Of course, Arnold knew only one person could play him: James Gregory, who had played the ACTUAL Ruditsky on the 1950s TV series THE LAWLESS YEARS. (both BARNEY MILLER and THE LAWLESS YEARS gain a bit of depth when viewed with this in mine; Gregory's matching dramatic and comedic performances wonderfully contrasting and complimenting each other)

Anonymous said...

To me, "Barney Miller" is that rare show that actually improved every season it was on.

Susan D-L said...

I loved and still love Barney Miller as one of the shows that helped keep me sane during a terrible adolescence. What a perfect gem of television. But I worked for a guy like Danny Arnold and yeah, even a Rolls Royce wouldn't have been enough.

Sami said...

My grandma used to watch re-runs of Barney Miller after the 10 o'clock news. I used to spend the night with her sometimes and see it. I liked it then, but I didn't get most of the jokes. Now, I appreciate it so much more. Every episode is like a short play. The overall dreariness and sameness of the one set adds to the melancholy tone and feel of the show. Plus, that style is what I think of as the TV version of New York in the 70s. All in the Family, Rhoda--they both had a similar run-down, older look. As did Welcome Back, Kotter--but that one had a little bit brighter lighting. When I finally saw NYC in real life for the first time in 2003--yep, I could see where this style came from. So many very tall buildings, but the rooms were all small, dark, and cramped inside. Even the ice skating ring at Rockefeller center looked so much smaller in reality than it does on Mad About You. (We also went into the lobby of Trump Tower with the now-famous escalator--and yes,this, too, seemed remarkably small, dank, and dreary to me. I knew it was supposed to be luxurious and expensive, but back then it just seemed dreary and kind of dirty and weird with all the gold that did not shine. It just looked old and tired and like it was trying to hard to be shiny and impressive, but just wasn't...It was a little sad and uncomfortable being there. I had no idea of what was to come.) I think it's really hard to get natural light in those buildings when they are so tightly packed together.

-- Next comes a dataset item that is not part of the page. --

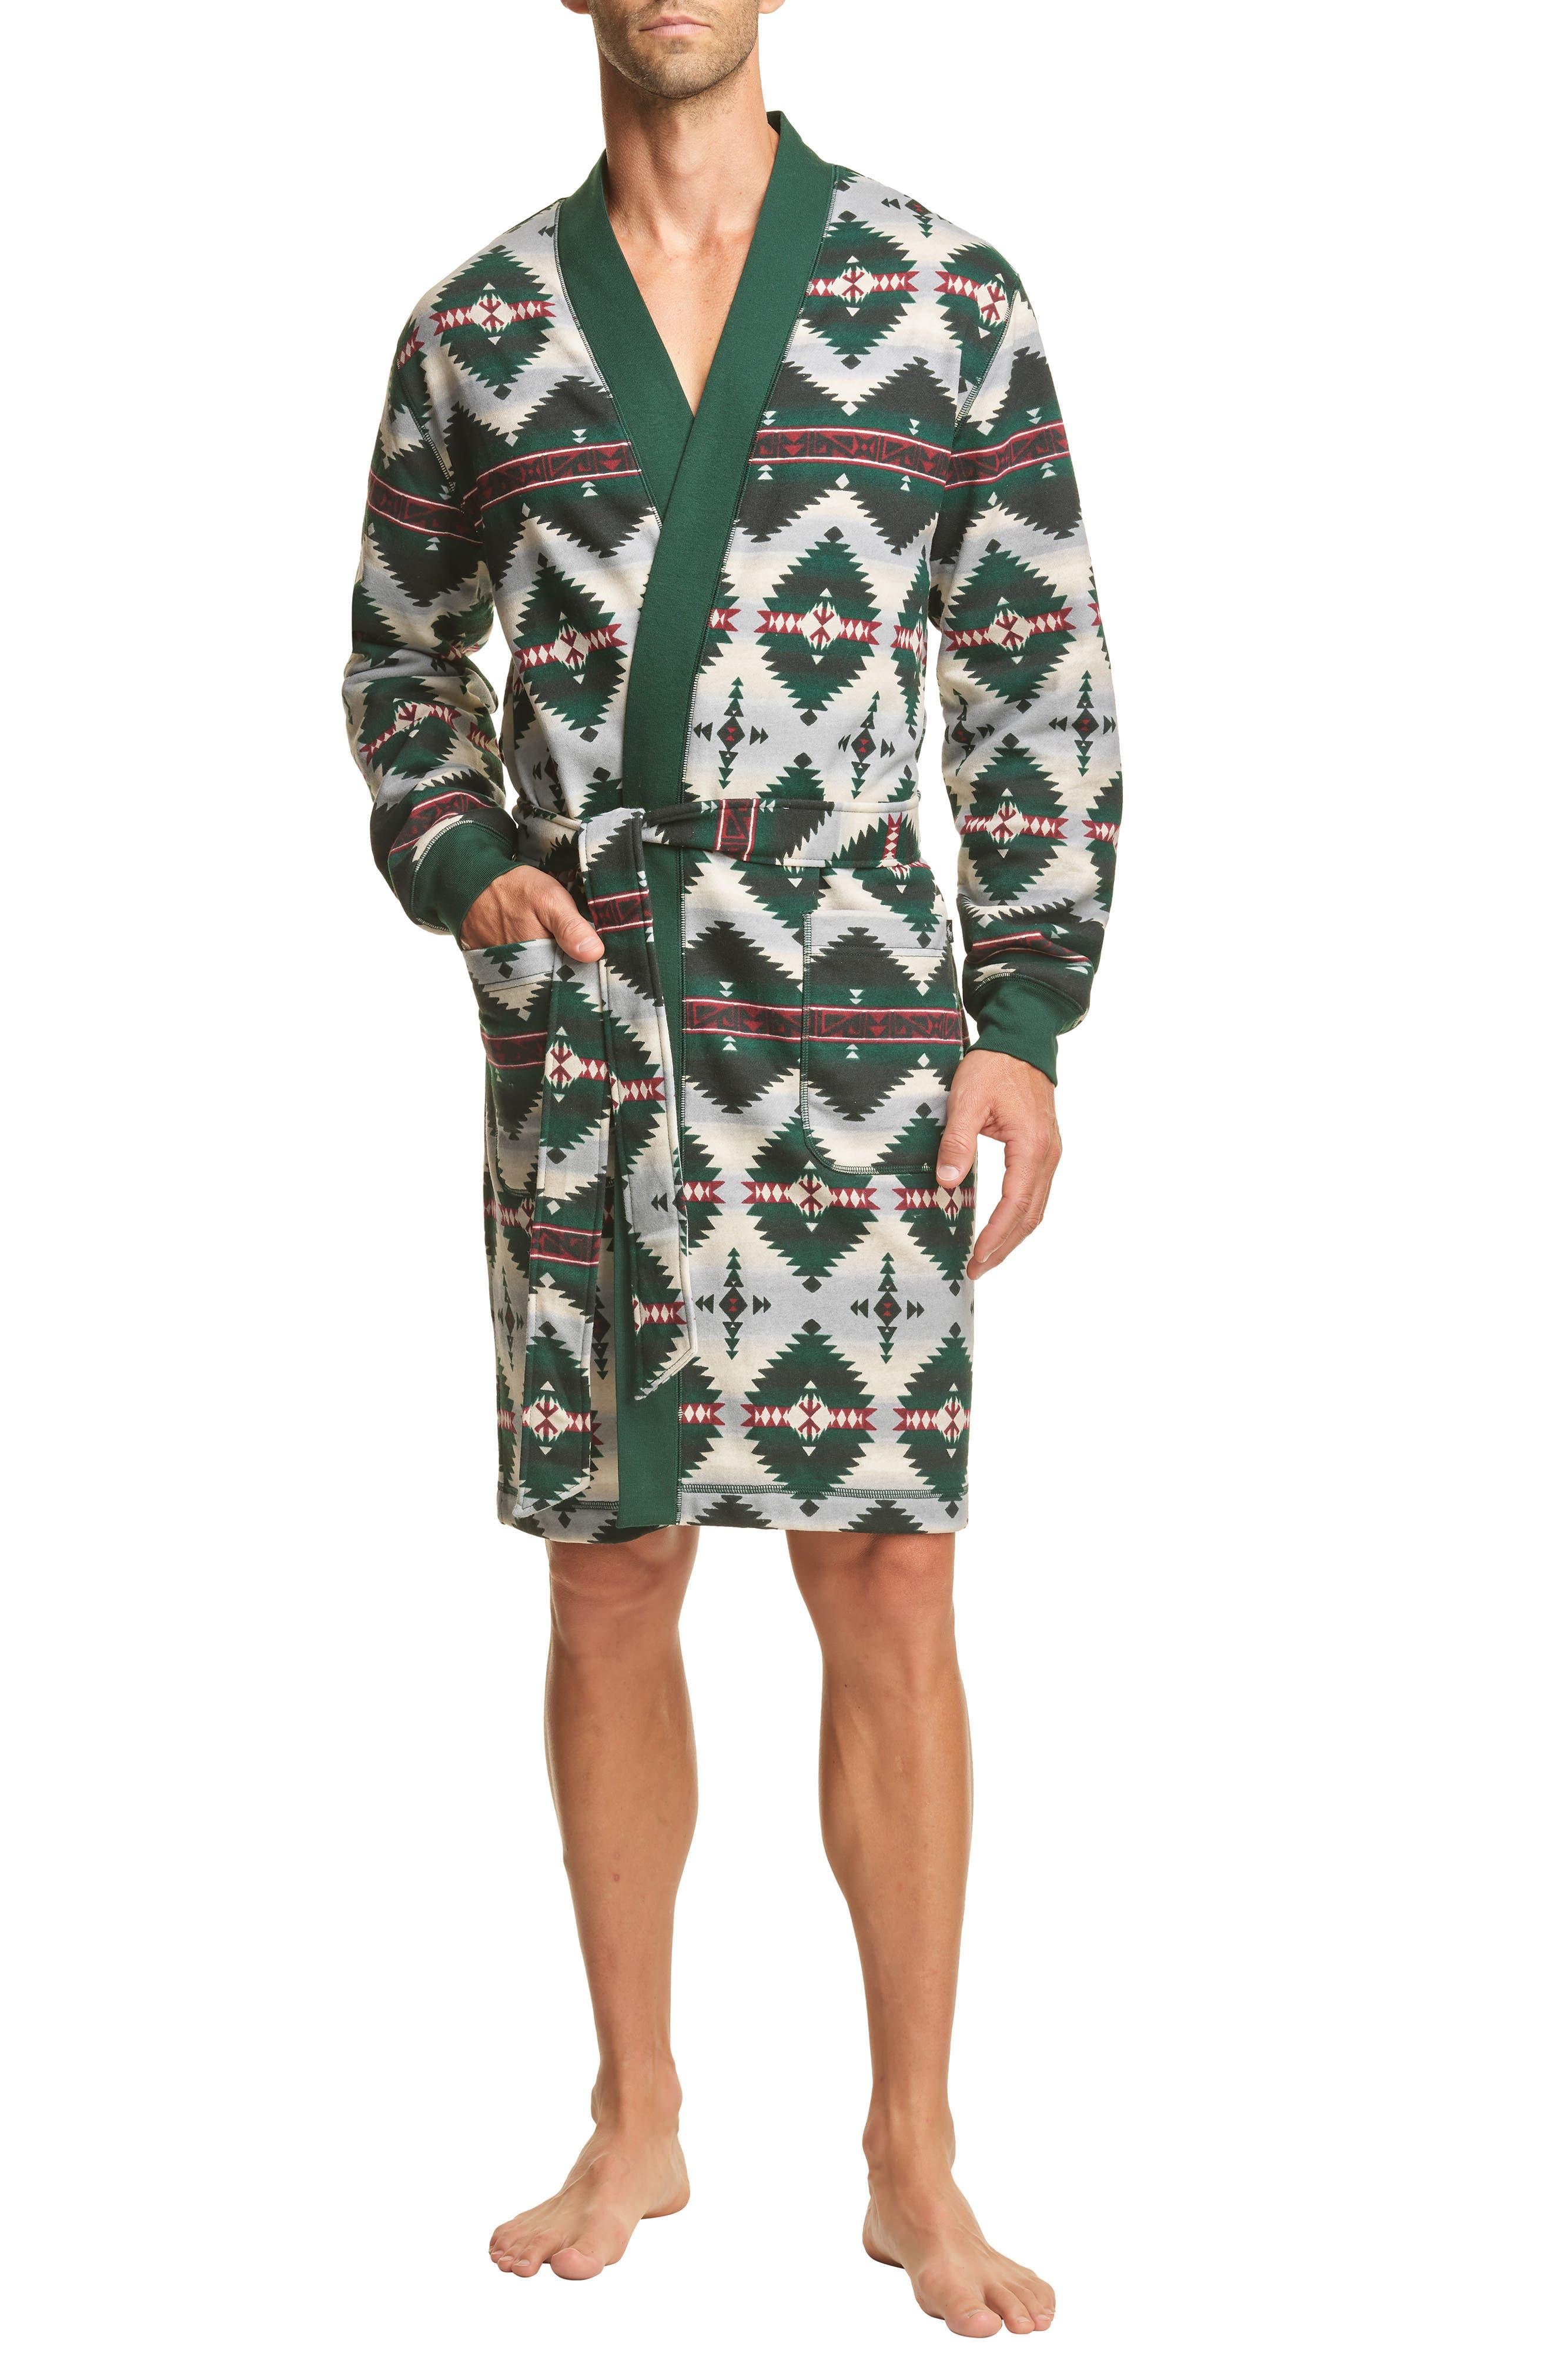 1930s Men's Clothing Mens Polo Ralph Lauren Brushed Fleece Robe Size SmallMedium - Green $79.50 AT vintagedancer.com

Anyway, the writing and acting on Barney Miller--including all the character actors--was stupendous. That's one show that made me notice the character actors (who often made return appearances as different characters). I often think character actors must have way more fun than stars.


It's still on TV here, too.

Anonymous said...

We never miss the show. It is the best since Mrs Browns boys.